Jar: A Love Story
Made of mountains and our own ingenuity, the jar is a symbol of what is and what’s possible
I’m on a plane, a thousand or so miles away from home. But on my mind is an unassuming jar, vintage, blue glass, gifted to me by a friend in exchange for a jar of hot sauce long since consumed.
On this flight, I’ve been watching the in-flight entertainment, namely Amy Tan’s masterclass on writing, allowing myself to be pulled through thought exercises and her experiences as I consider how to deepen my own writing practice.
When she discussed developing one’s voice as a writer, I found myself plunging into a frenzy of words, journaling about what mattered to me as a writer. I wondered what, of all objects in the world, might embody the distilled essence of my writing practice, of my identity as a creator? What contained an identity of its own, while allowing for the capacity of creativity and space for the not-yet-imagined?
My mind turned to the jar on my shelf, one of hundreds in my house, any of them would work here, but my mind settled on the blue jar, a symbol of sharing and community in my own life.
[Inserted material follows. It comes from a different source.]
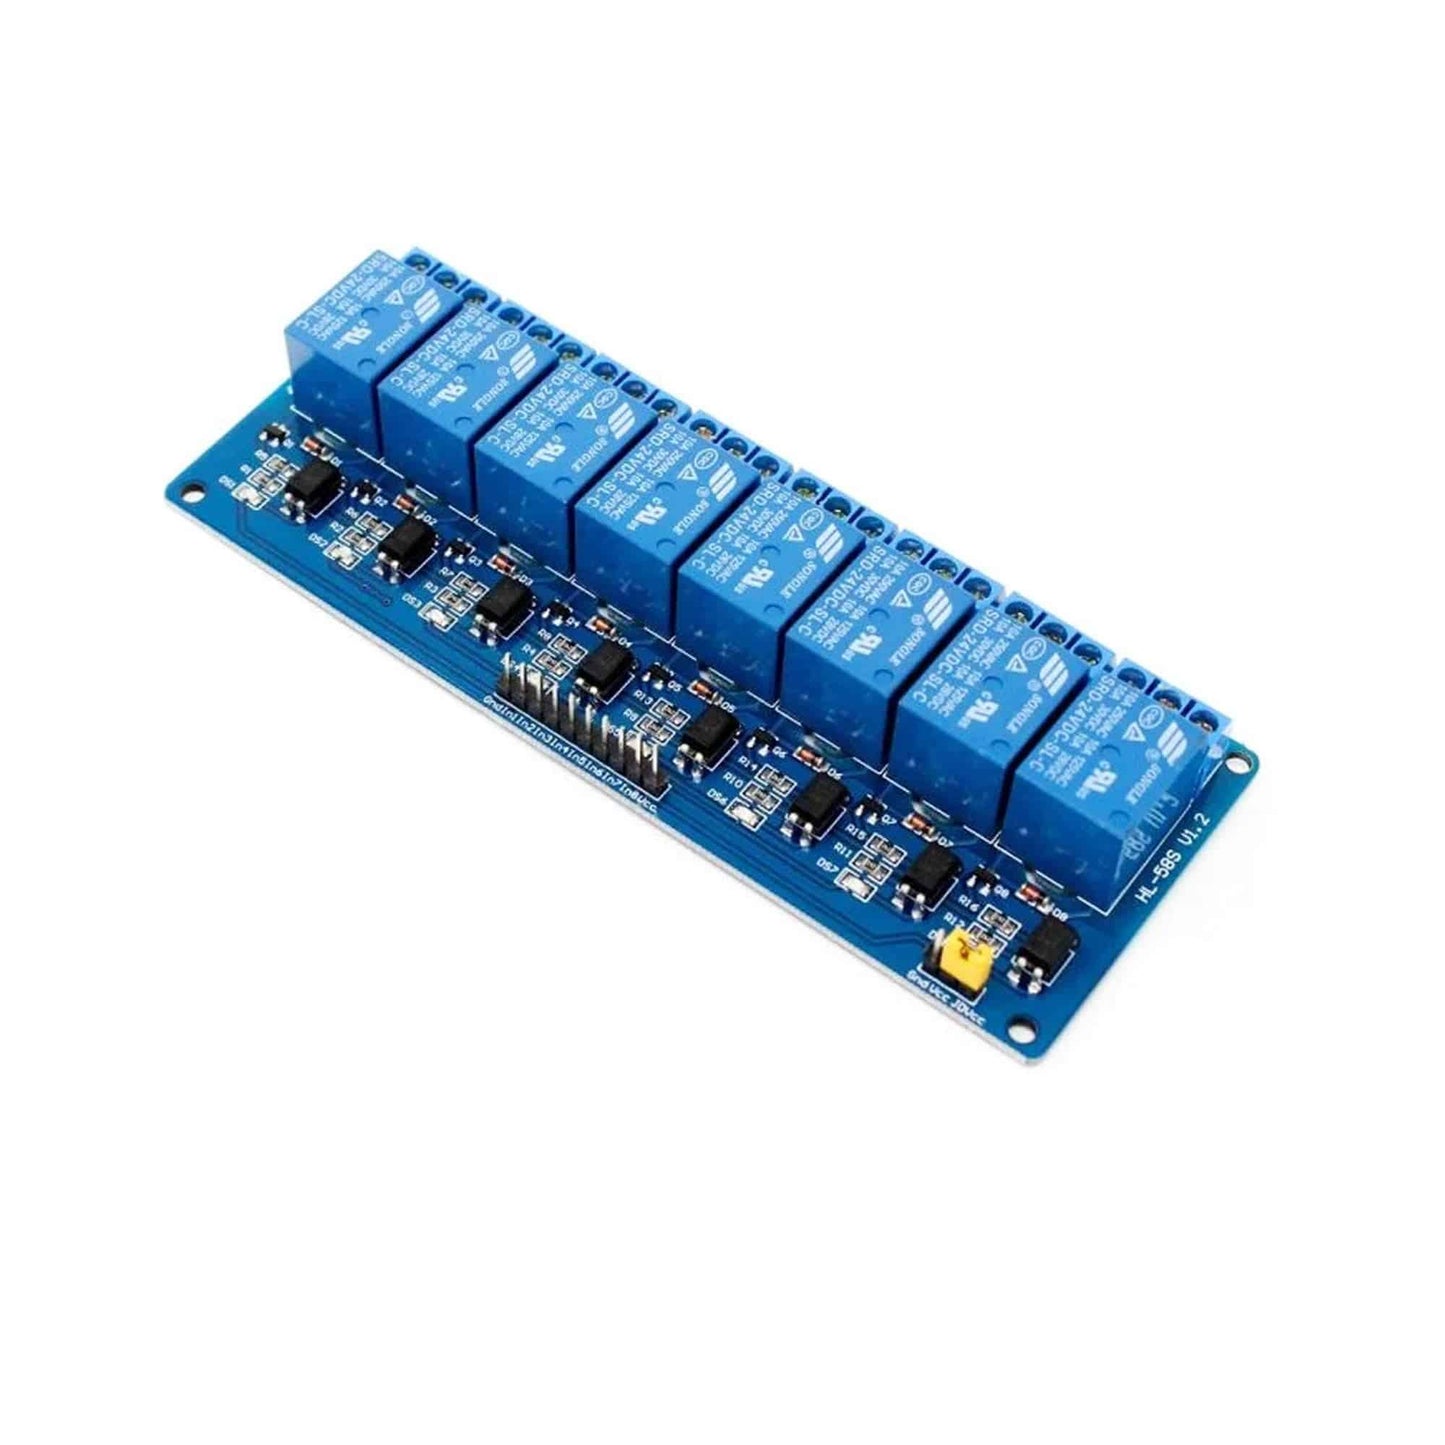 24V 8 Channel Relay Module with Optocoupler

Why a love story to a jar?
The glass speaks of ancient truths, of mountains ground to sand, their stories broken apart like a sunbeam through a crystal, then reconfigured and combined with other mountains. Other stories. Other histories. All to create this object with its own collective and personal history separate from the histories it’s built from.
When we create with this jar, we use old mountains to build new ones.
Here, as we preserve, or eat and drink, or store, or watch our ferments transform before our eyes, we fill this jar with nourishment and memories.
Each time it’s emptied, we’re made aware of the possibilities it contains.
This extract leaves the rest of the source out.